For Families and Carers : Employment and Support Allowance

Employment and Support Allowance (ESA) is the benefit you claim if you can’t work because you’re sick or disabled, and you are aged between 16 and 64.

People with Down’s syndrome get ESA.  The earliest you can claim ESA is at 16.

Is it right for a young person with Down’s syndrome to claim ESA at 16?


If your child claims benefits in their own right at 16, you lose Child Benefit and Child Tax Credit for them.  This is because they no longer count as your dependent, or a member of your household for benefit purposes.  In most cases, Employment and Support Allowance will be more than Child Benefit and Child Tax Credit.

However, if your whole family is on means-tested benefits CHECK BEFORE YOUR CHILD CLAIMS ESA.  Means-tested benefits include Income Support, income-based Jobseeker’s Allowance, income-related ESA, Housing Benefit, Council Tax Support, Pension Credit and Working Tax Credit.
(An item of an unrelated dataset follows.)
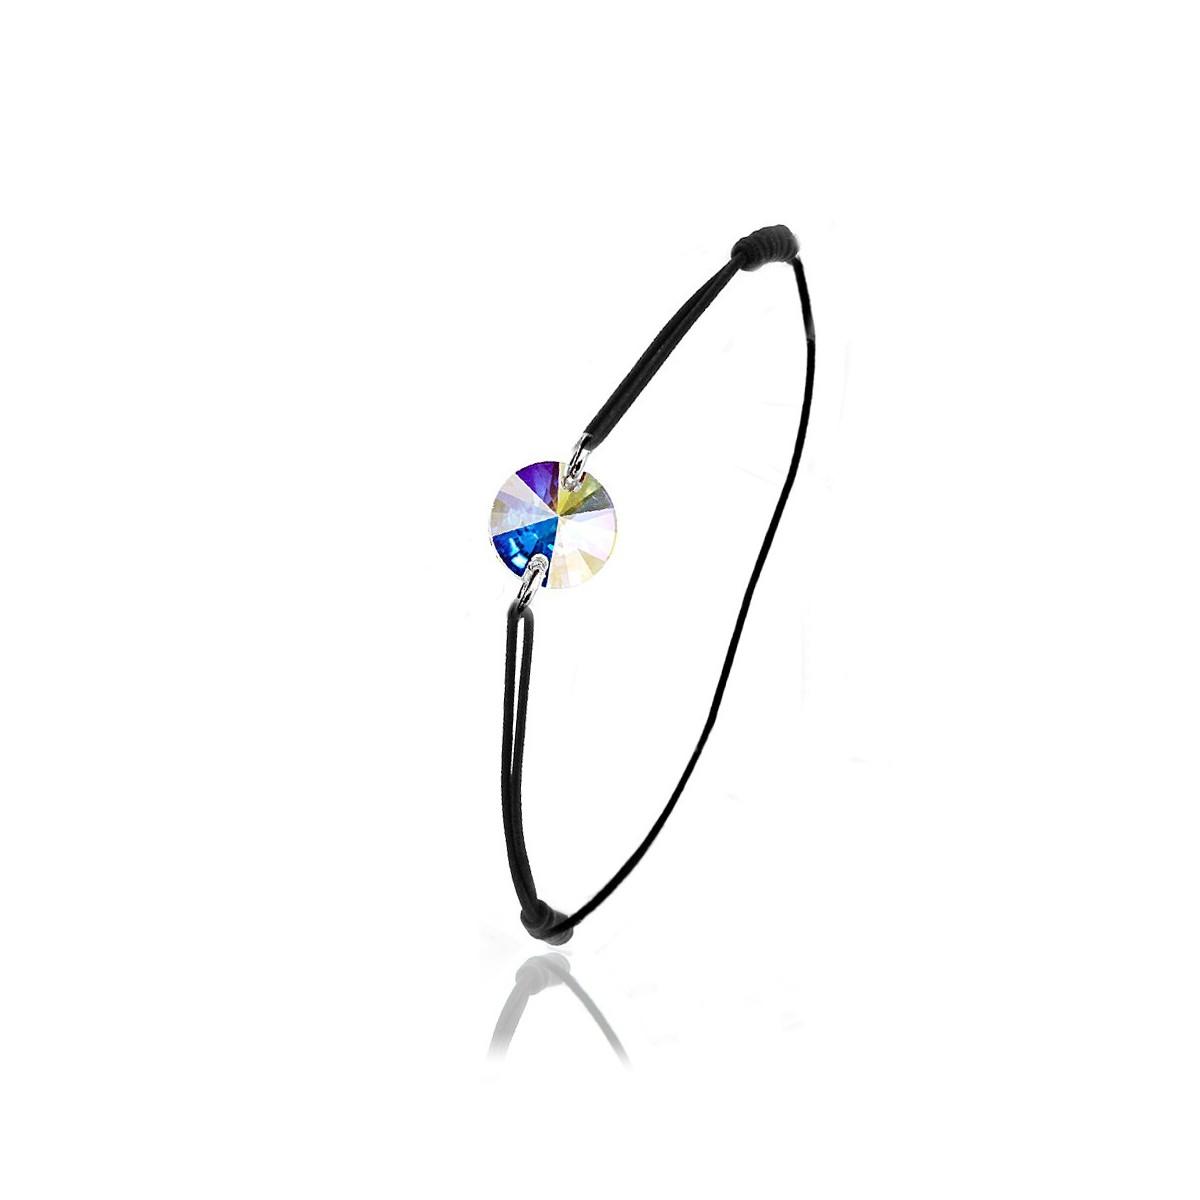 Bracelet élastique So Charm orné d'un cristal irisé made with crystal from Swarovski

You may lose out overall if you claim ESA for your child in this situation.  Claiming separately for your son or daughter may mean that the family’s income as a whole is reduced.  CHECK before claiming ESA, if you receive means-tested benefits.

As you all know, the benefits system is complicated, and the most basic advice is always – if in doubt, CHECK YOUR OWN SITUATION.

ESA while at school / college


People often think that a young person with Down’s syndrome cannot claim ESA if they are still at school or college.  They can.

Look at our ESA guide for an explanation of what “full time education” means and why a young person with Down’s syndrome can claim, even if they are still in education.

Does claiming ESA mean my child won’t ever work?


Claiming ESA does not mean that your child can’t work or will never work.  You can work while on ESA, but you have to tell the DWP beforehand, and the hours you can work and how much you can earn are limited.  See our information on ESA and work.

Claiming ESA now does not stop your child coming off benefits and working in the future.

ESA or Jobseeker’s Allowance (JSA)?


Some people, including many young people with Down’s syndrome, could claim either Employment and Support Allowance or Jobseeker’s Allowance.

Young people with Down’s syndrome should claim Employment and Support Allowance rather than JSA at the age of 16. Once they have been assessed, they will get more money on ESA. They will also get more appropriate help in looking for work, if that’s what they chose to do.